GIVEN INFORMATION START
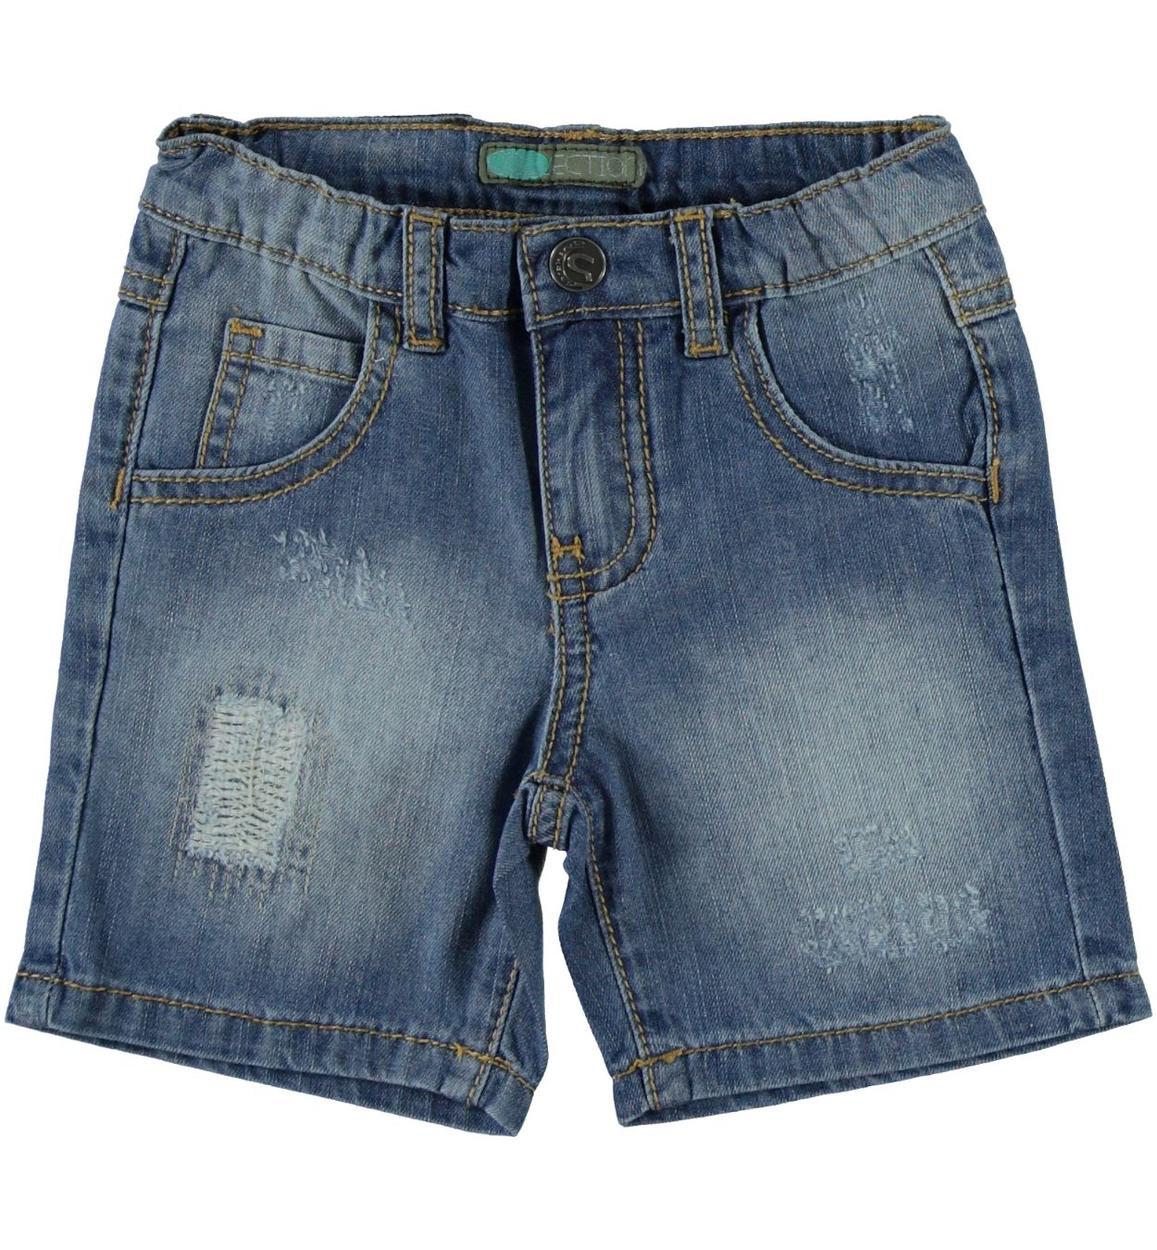 5c69025193 Pantaloncino in denim 100% cotone effetto delavato e consumato per bambino  da 6 mesi a 7 anni Sarabanda
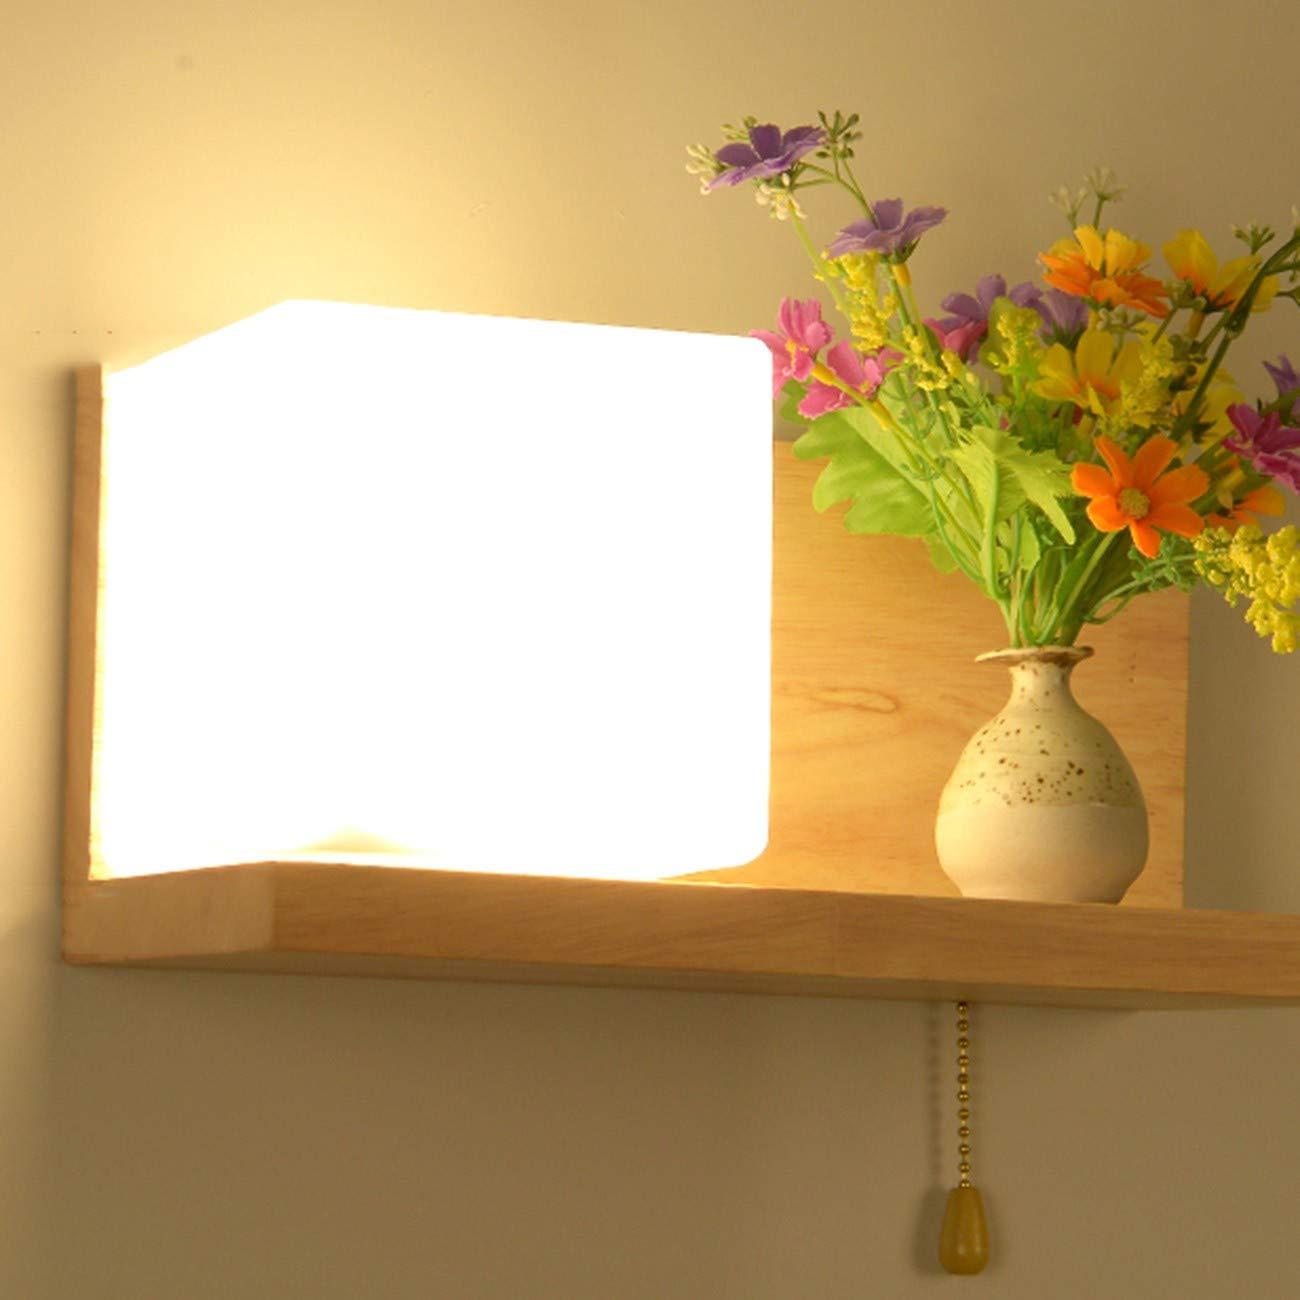 Wandleuchte Wall Lamp, Schlafzimmer Mit Lampe, Indoor - Gang, Super Intelligent Und Klug,F
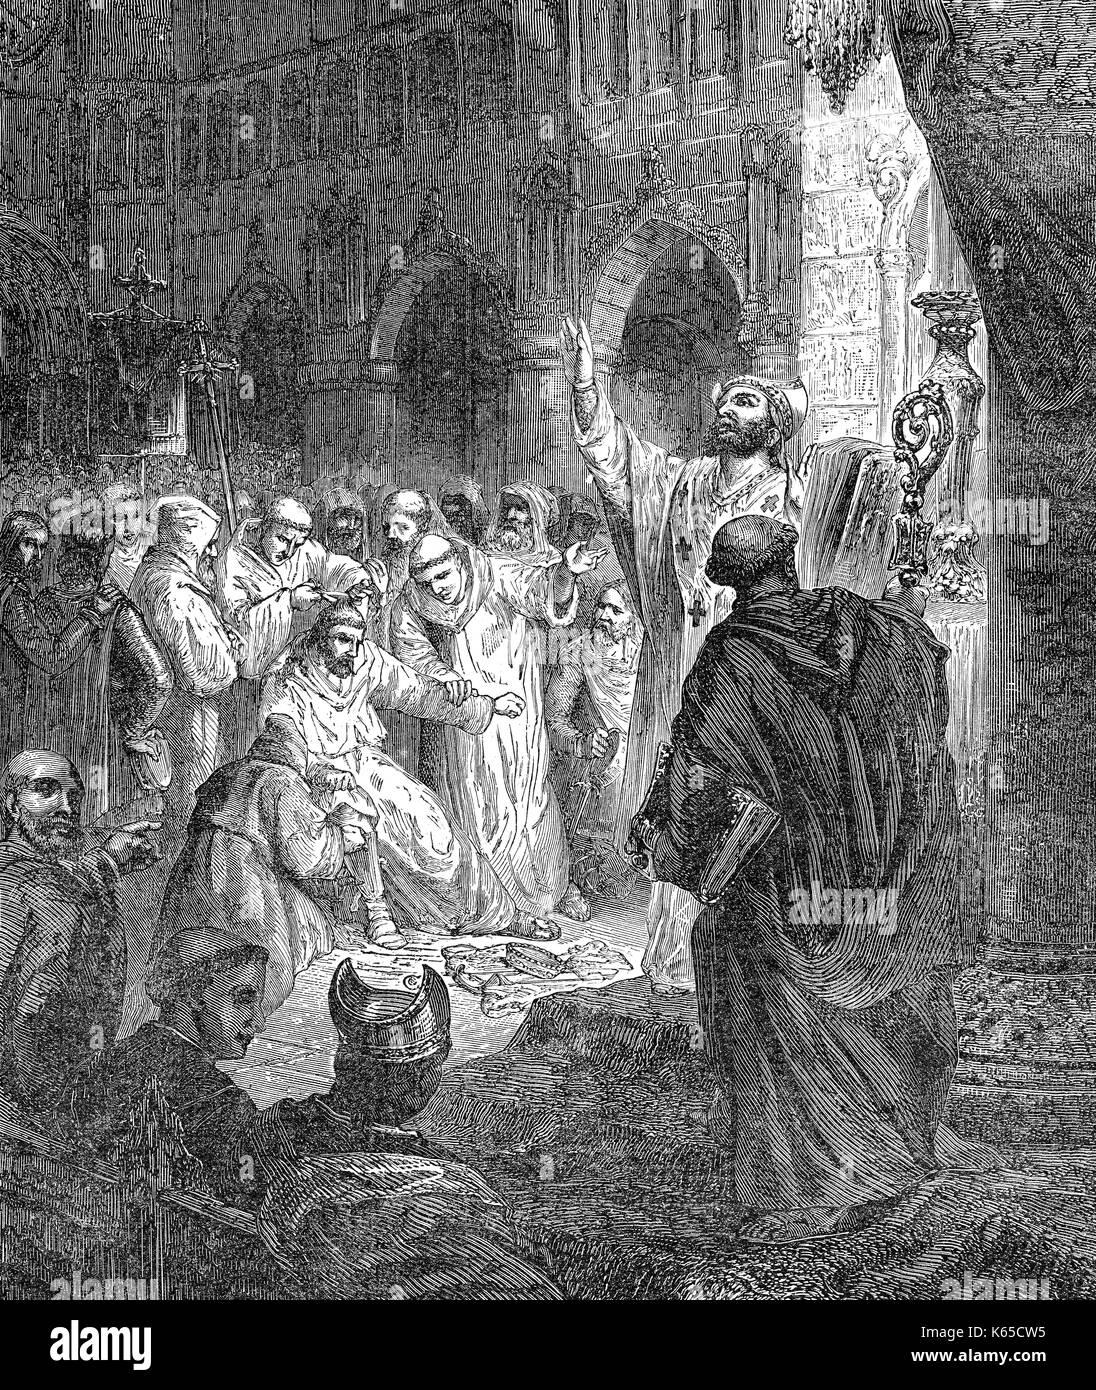 Childeric III, c. 717 - c. 754, Re di Francia, deposto nel monastero di Saint-Bertin, 751 Immagini Stock
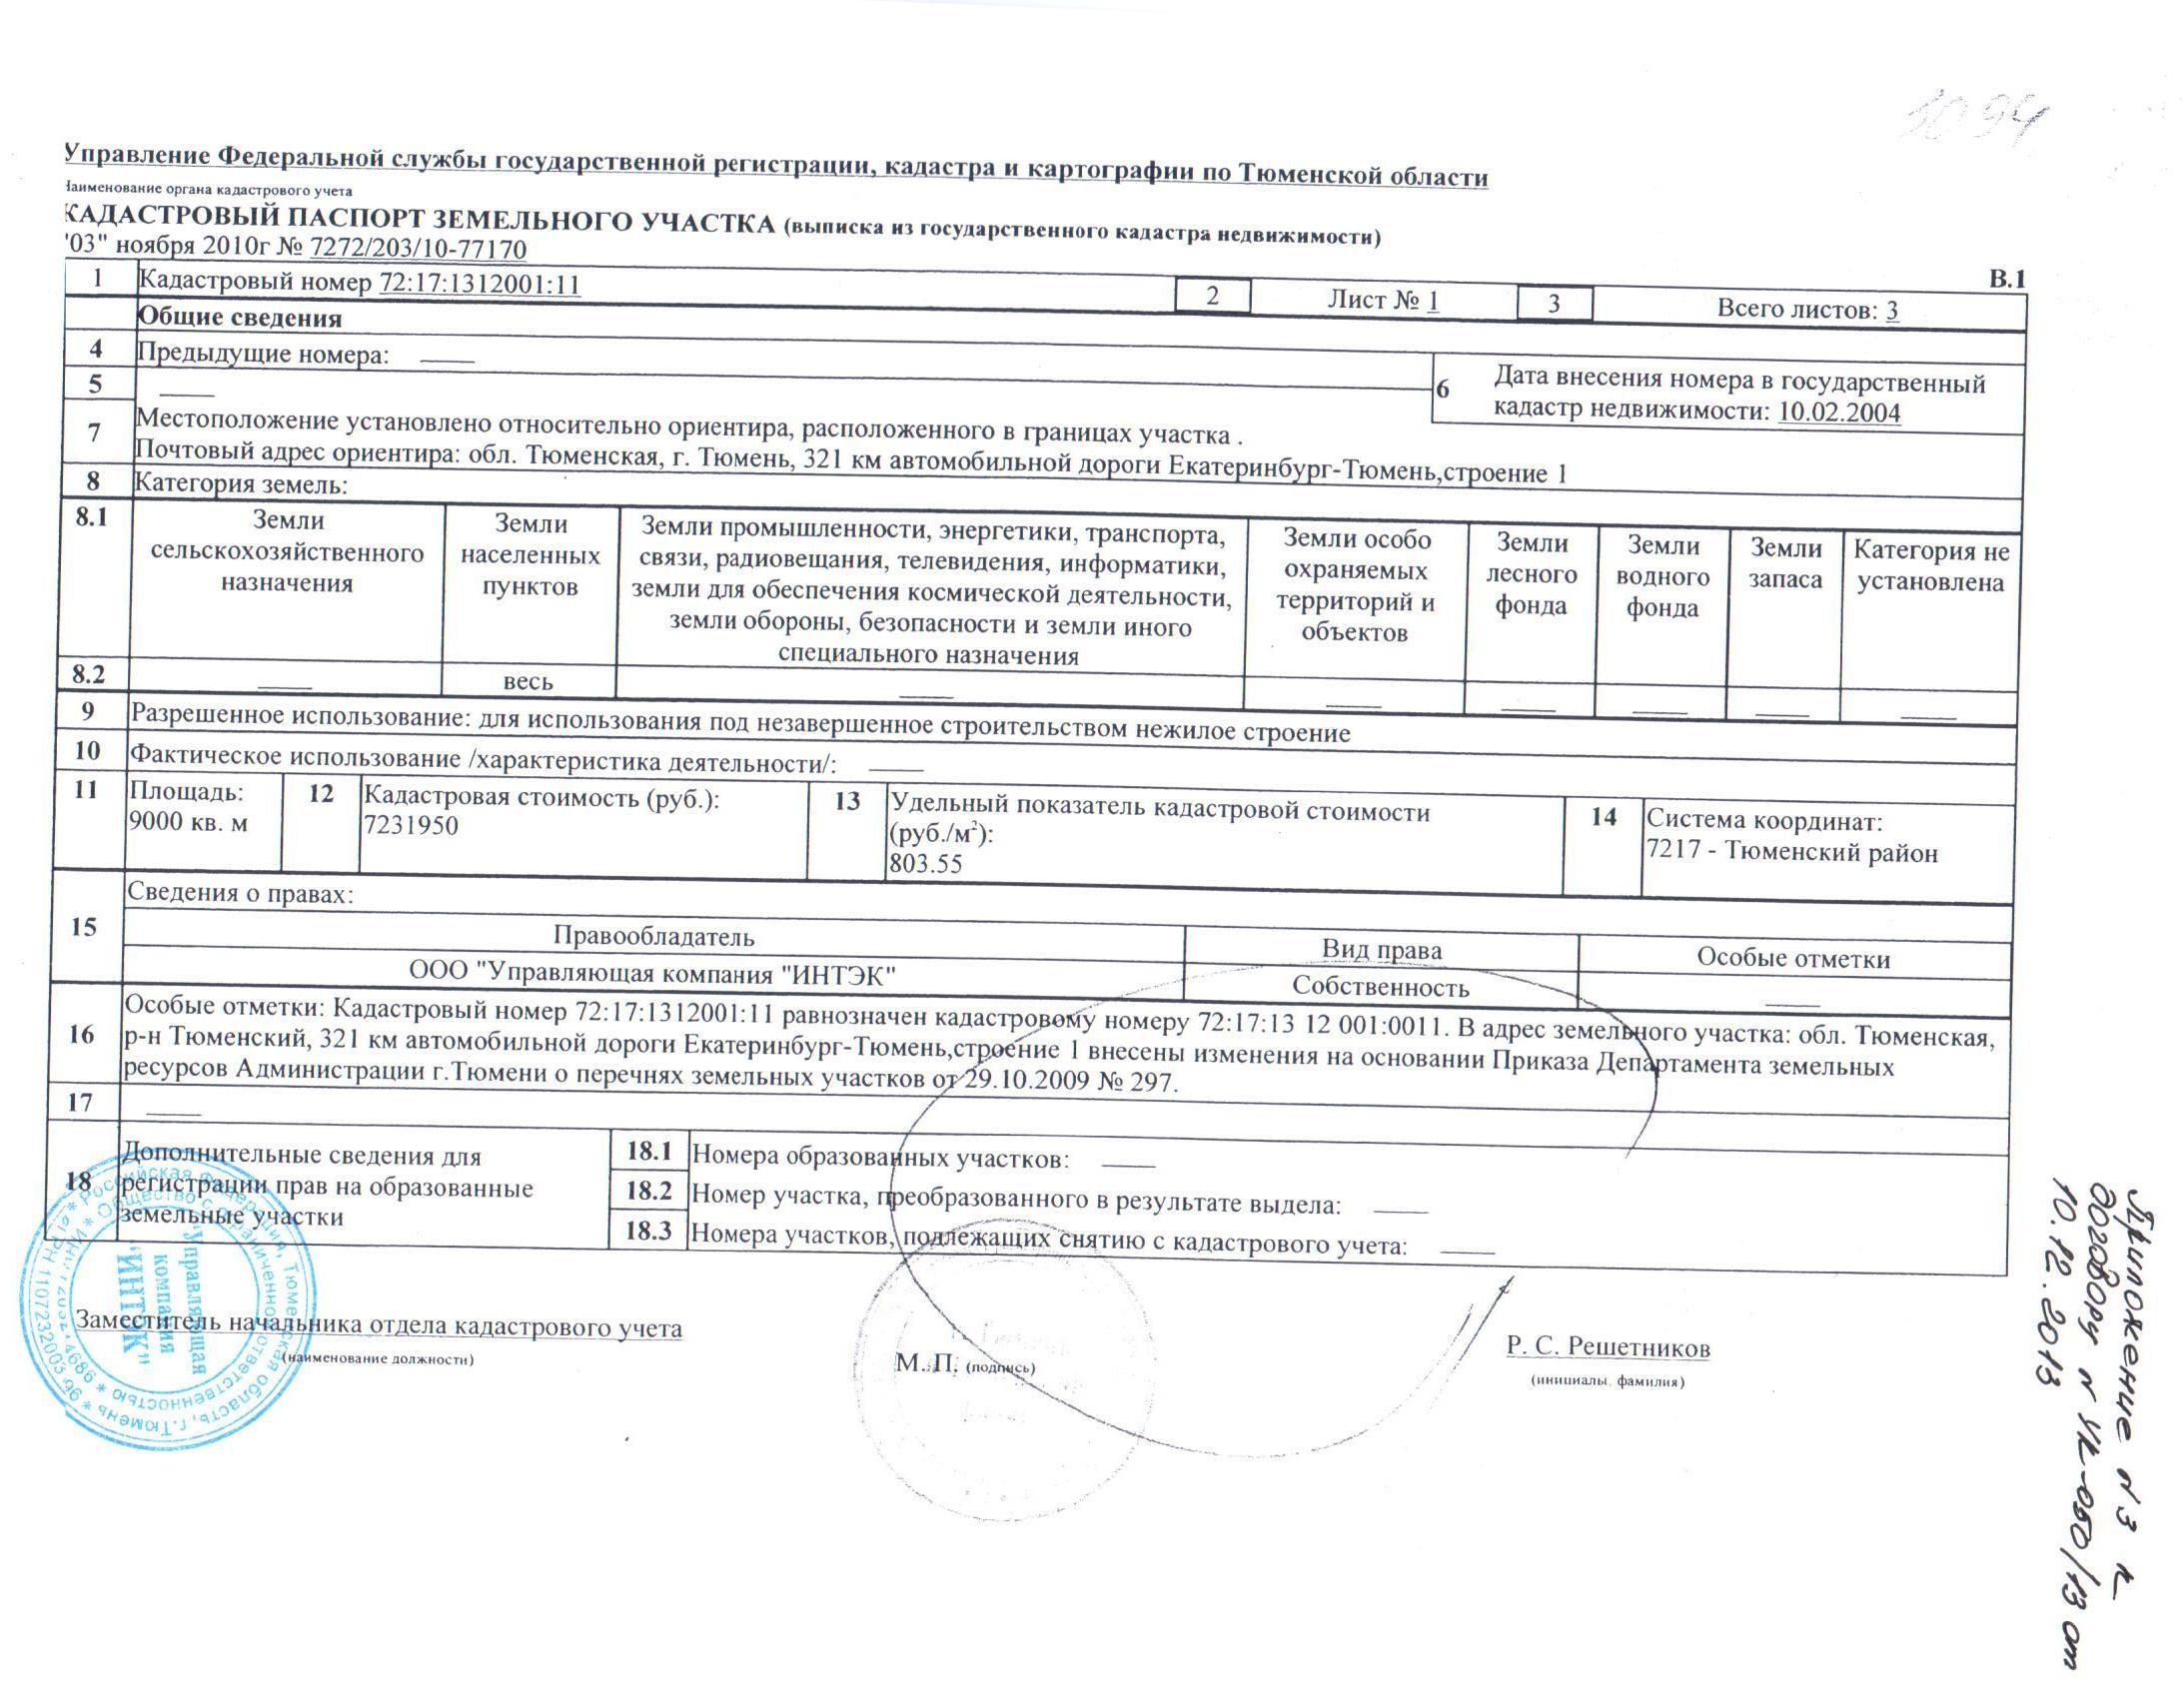 Якушев, Сарычев, УМВД, Вагин, Снисаренко, коррупция, Воронина, Франц, ГИБДД, скандал,
GIVEN INFORMATION END
== WHAT THE EXERCISE ASKS ==
A word-for-word copy of all the data, without pictures, is the expected output.

== EXERCISE OUTPUT ==
 5c69025193 Pantaloncino in denim 100% cotone effetto delavato e consumato per bambino  da 6 mesi a 7 anni Sarabanda
 Wandleuchte Wall Lamp, Schlafzimmer Mit Lampe, Indoor - Gang, Super Intelligent Und Klug,F
 Childeric III, c. 717 - c. 754, Re di Francia, deposto nel monastero di Saint-Bertin, 751 Immagini Stock
 Якушев, Сарычев, УМВД, Вагин, Снисаренко, коррупция, Воронина, Франц, ГИБДД, скандал,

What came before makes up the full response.